Morocco hosts rock engravings in other regions such as the plateaus of the High Atlas (Oukaïmeden, Yagour, and Rat), the desert areas of Es Smara and Saguia El Hamra, the surroundings of Layoune, and the sites of Tazarine and Tata.

The plateaus of the High Atlas are considered a major center of rock art in Morocco. With their elevation exceeding 2300 m, they remain the only known sites in North Africa at such a height. They feature engravings that provide rare evidence of the Bronze Age in Morocco, a period ranging from 3800 to 400 BCE.

The site of Oukaïmeden hosts over a thousand engravings depicting weapons (clubs, halberds, points, arrows, daggers, axes, and shields). In addition to these images, there is a rich and varied fauna represented (bovids, elephants, lions, snakes, etc.).

The Tazzarine region hosts around ten sites of rock engravings, such as the Aït Ouazik, Tiouririne, Abdi Bou Ilili, and Boukerbour sites.

These engravings are characterized by an abundance of depictions of wild animals (elephants, giraffes, ostriches, buffalo antelope, etc.), typical of a steppe environment. Geometric figures are also noticeable, including spirals, concentric arches, or radiating circles, interpreted as markers for hunting traps.

The Tata region includes sites such as Imaoun, Tiggane, Oum La Leg, and Adrar Metgourine, as well as sites in the Tamanart Valley such as Icht, Aguerd, Wazzazoun, and Taghjijt.
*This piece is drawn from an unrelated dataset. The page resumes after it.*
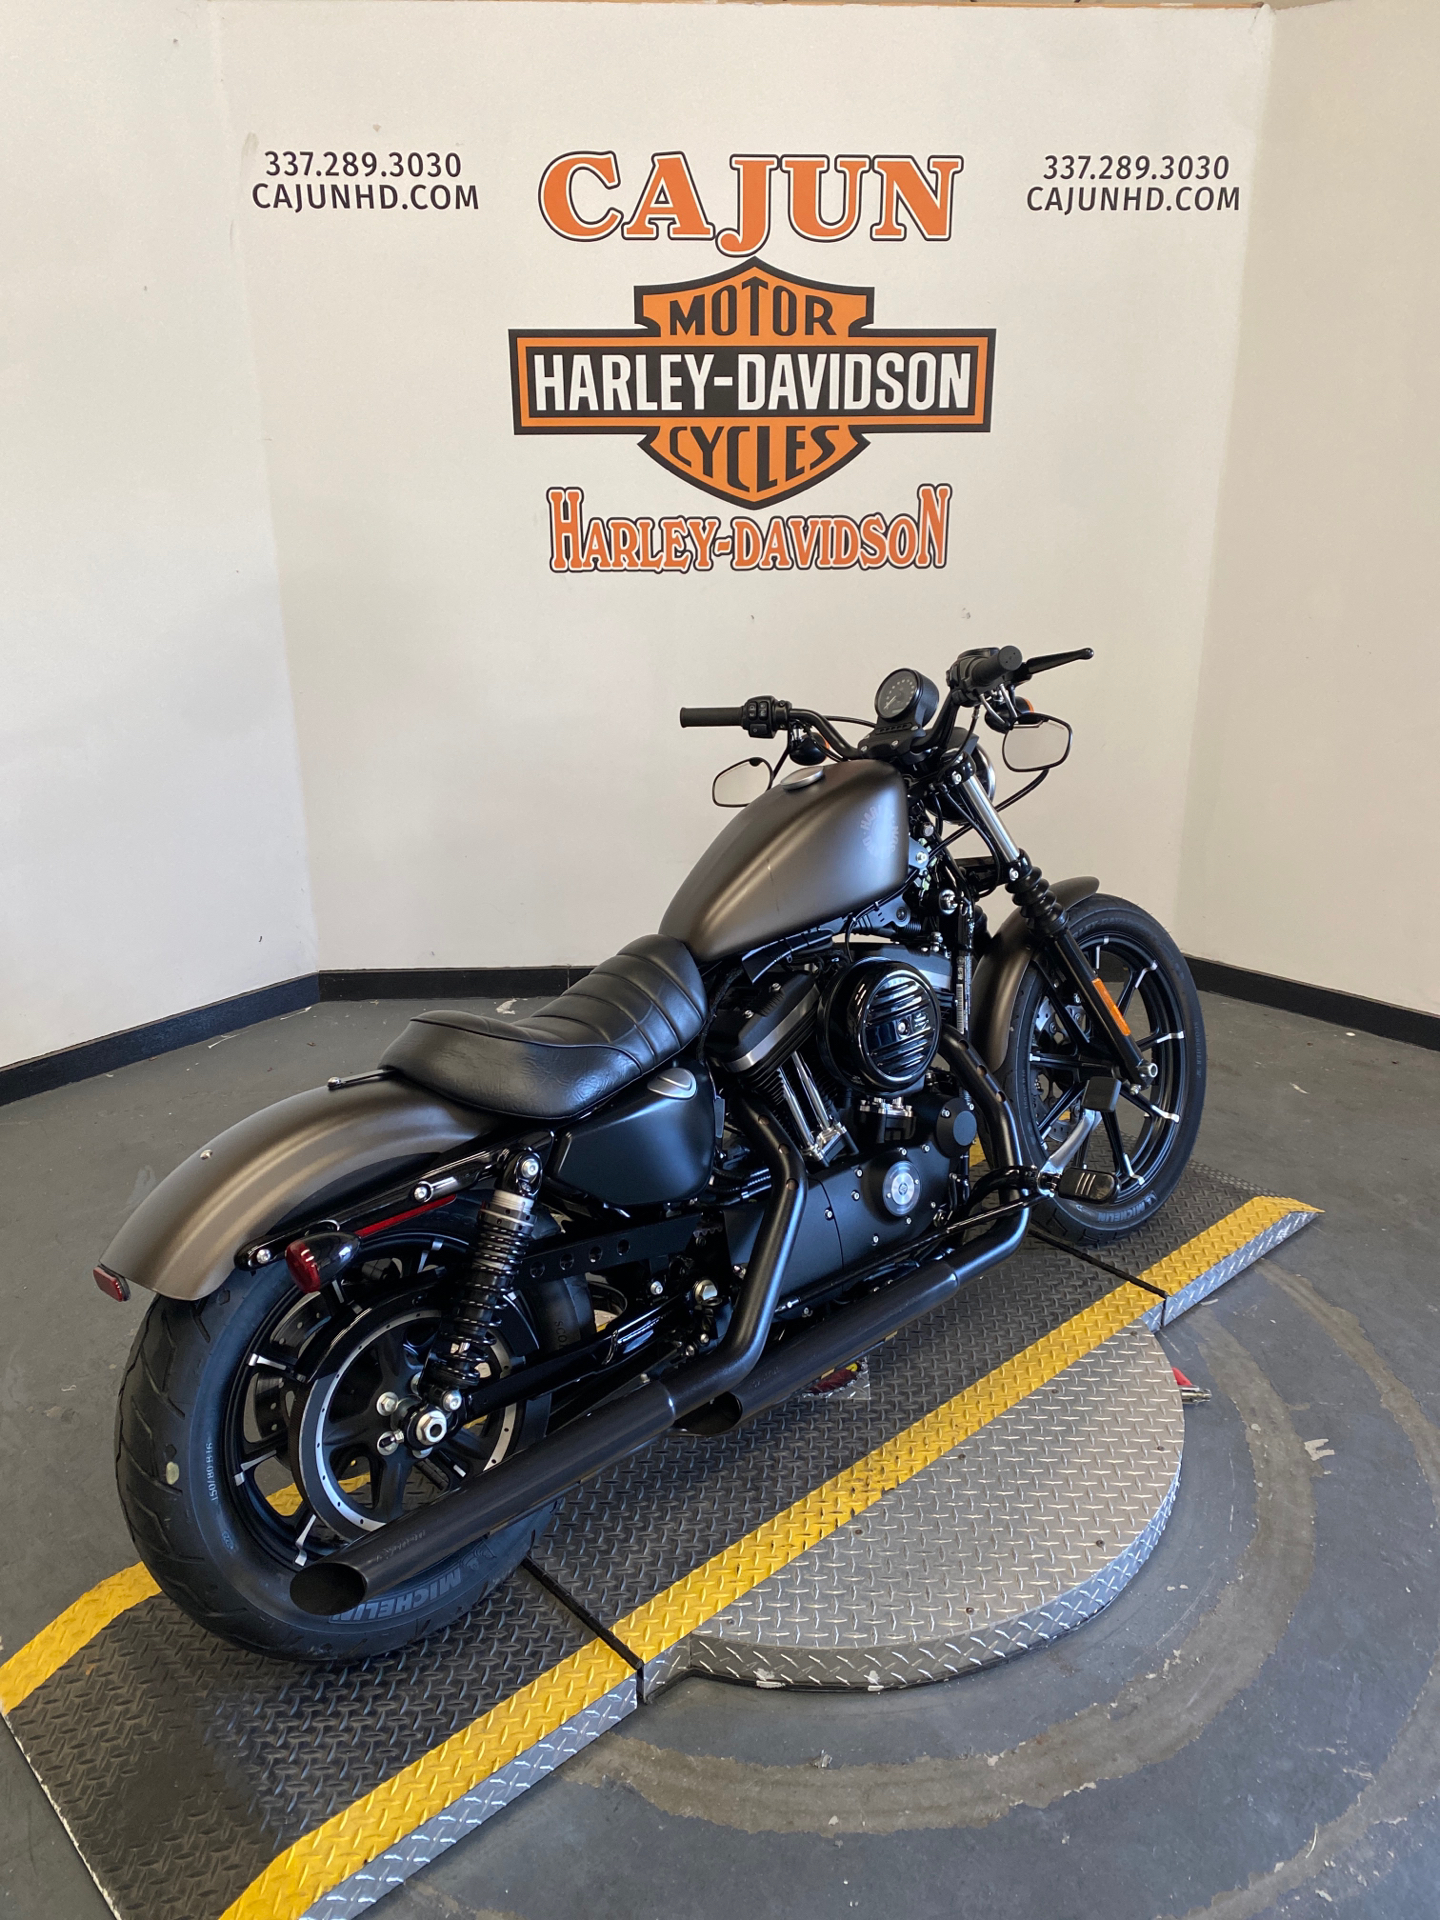 2021 Harley-Davidson Iron 883 near me - Photo 7

The Imaoun site, located 30 km north of Akka (Tata province), harbors impressive geometric engravings featuring concentric circles and spirals.

Rock engravings at the Inaoun site in the Akka valley Source : www.prehistoire-du-maroc.com

The techniques of rock art

The rock engravings were created using two techniques: pecking and polishing. Often, both techniques were employed by the engravers of the time, with pecking work preceding the polishing of the line.

Pecking involves direct or indirect percussion (hammering) of the rock surface using a stone or metal tool. This technique results in irregular lines formed by a series of small cavities of varying depths.

Polishing is achieved through rubbing and back-and-forth motion along a previously pecked or incised line.

Furthermore, the engravings from that era have been affected by the passage of time on the rock surface. Over time, a patina has gradually formed, altering the original color by adding a shiny or matte film ranging in color from brown to black, or having a metallic appearance.

The color of the patina remains the sole criterion for estimating the age of an engraving and the only means to establish a chronology among engravings at a single site.

Rock engraving at the Aït Ouazik site

On video

Rock engravings are legally recognized as cultural heritage of humanity at the international level. The archaeological sites in Morocco are protected by a law dated December 25, 1980. In 1994, the Ministry of Culture of Morocco established the National Center for Rock Art Heritage to ensure the safeguarding and preservation of this millennia-old heritage.